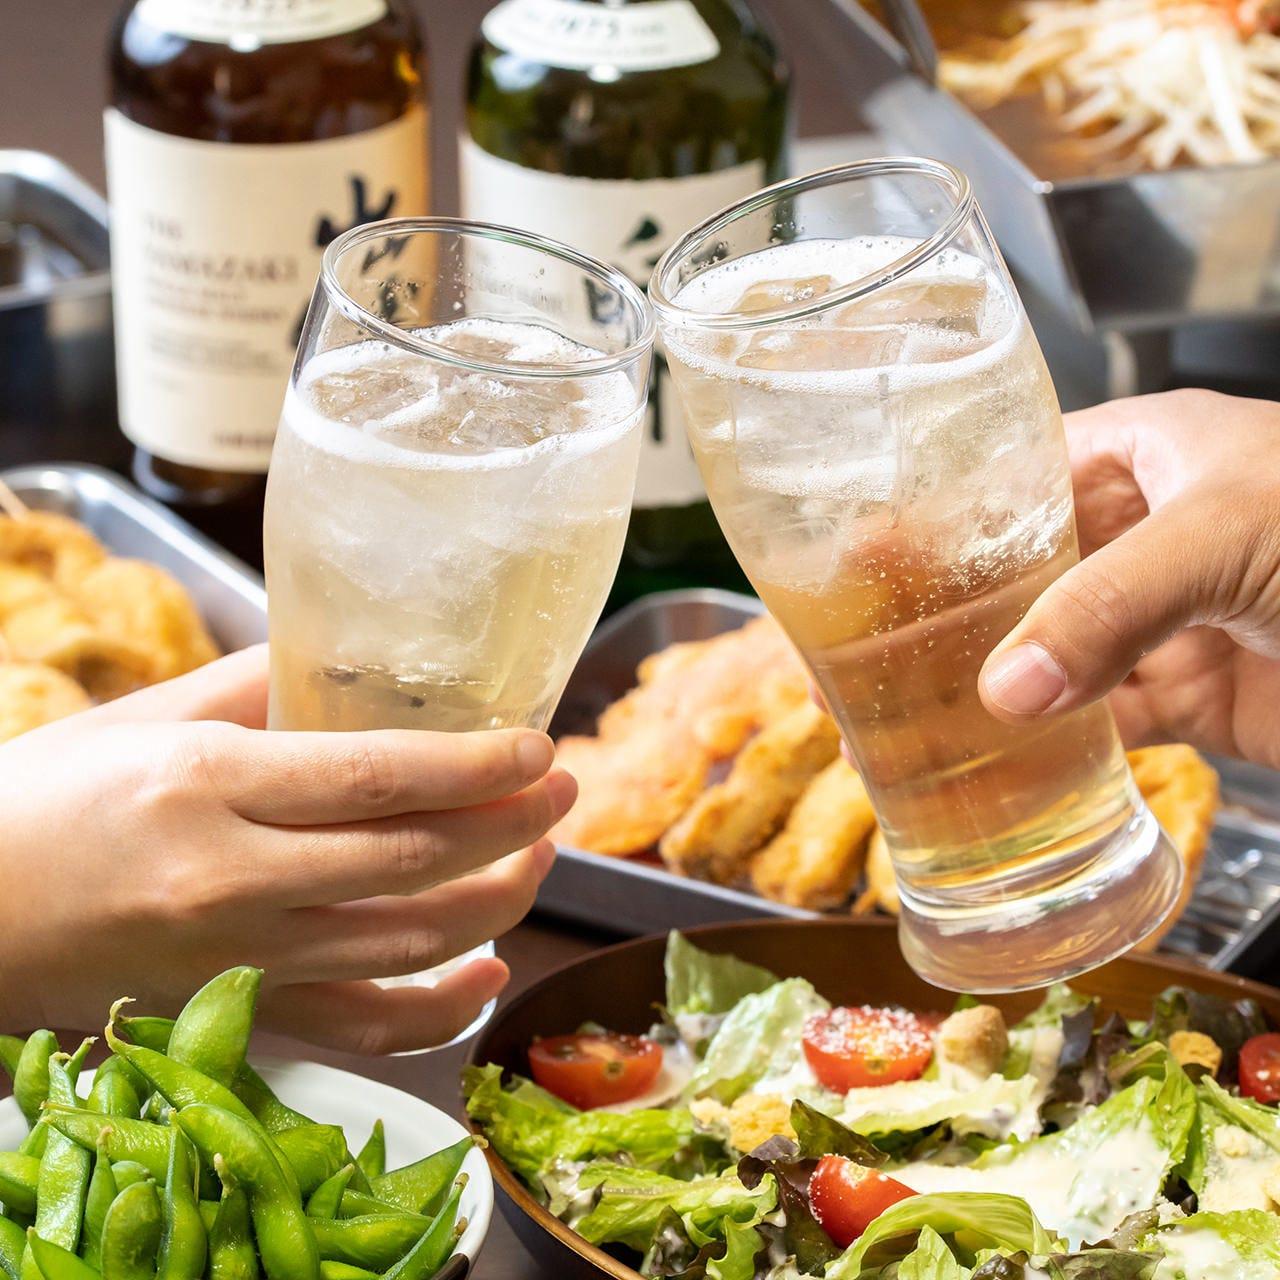 乾杯ドリンクサービスや、飲み放題をお得に楽しめる特典が♪
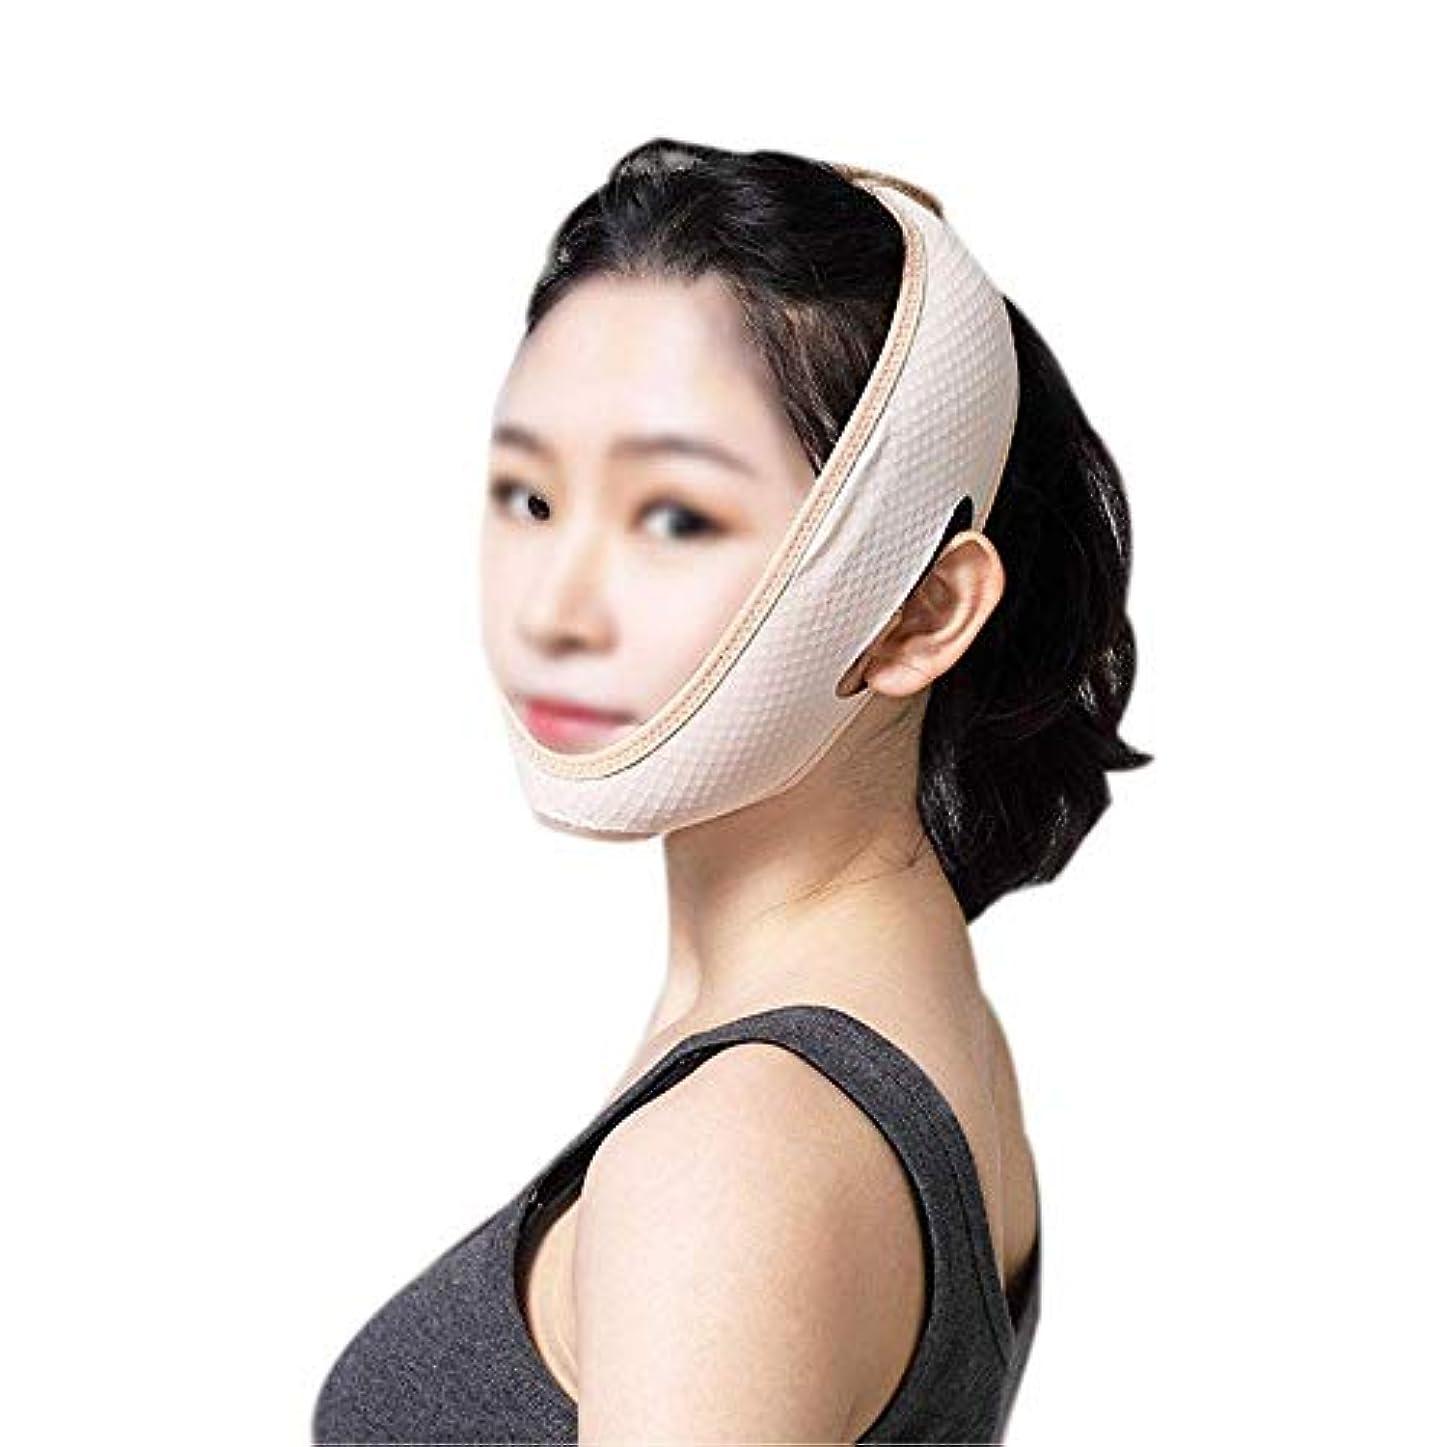 ピッチ定数広告主フェイスリフティングバンデージ、肌の引き締めを強化する薄いフェイスマスクの睡眠、ダブルチンマスクの削減
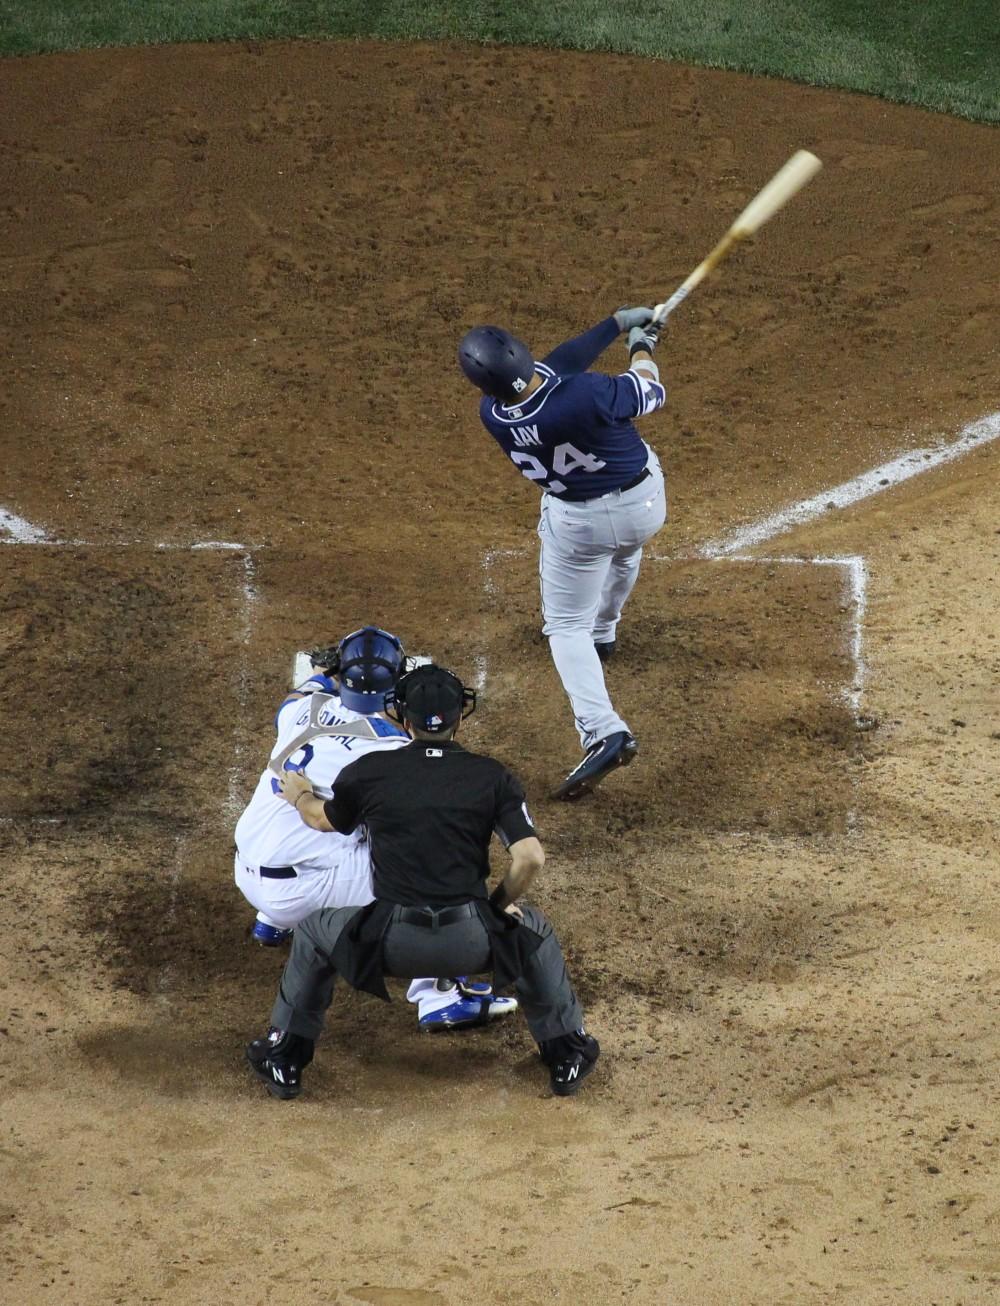 9th inning 2
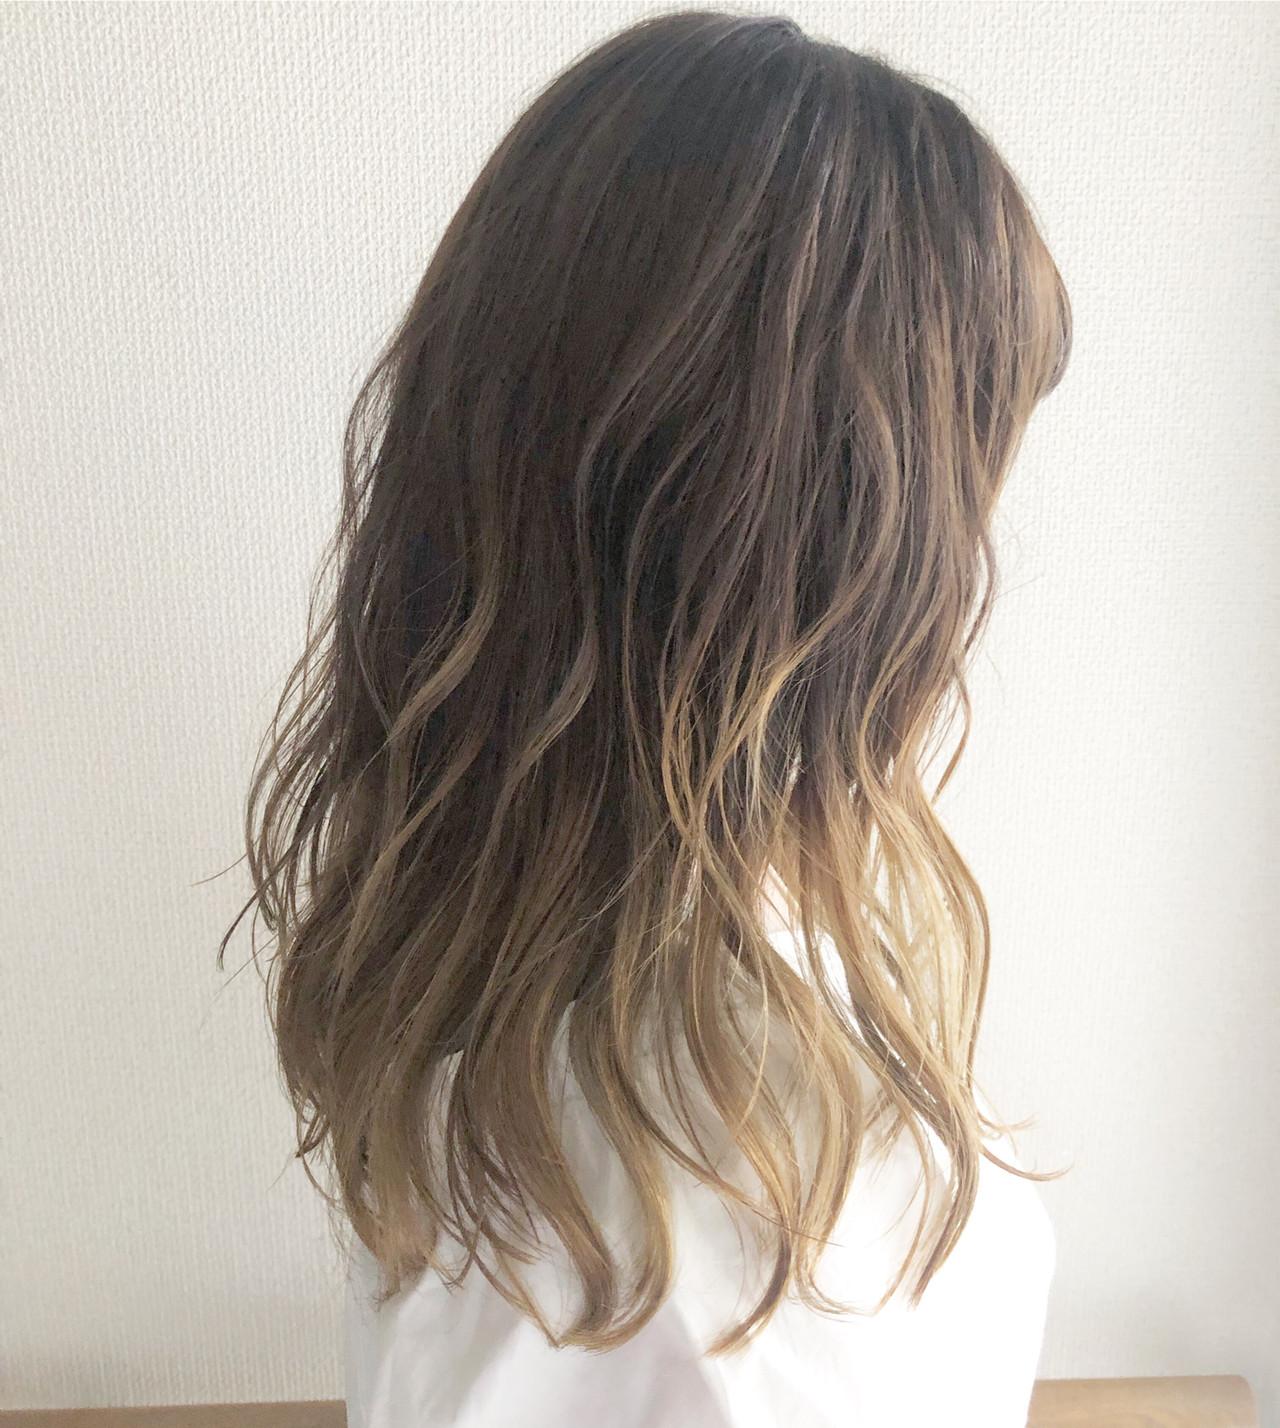 グレージュ ヘアアレンジ グラデーションカラー ミルクティーベージュヘアスタイルや髪型の写真・画像

_ _ _ _ _

▸ TASK REQUIREMENTS
Skipping all pictures, set the listing down exactly as written.

▸ RESPONSE
 乾杯ドリンクサービスや、飲み放題をお得に楽しめる特典が♪
 ピッチ定数広告主フェイスリフティングバンデージ、肌の引き締めを強化する薄いフェイスマスクの睡眠、ダブルチンマスクの削減
 9th inning 2
 グレージュ ヘアアレンジ グラデーションカラー ミルクティーベージュヘアスタイルや髪型の写真・画像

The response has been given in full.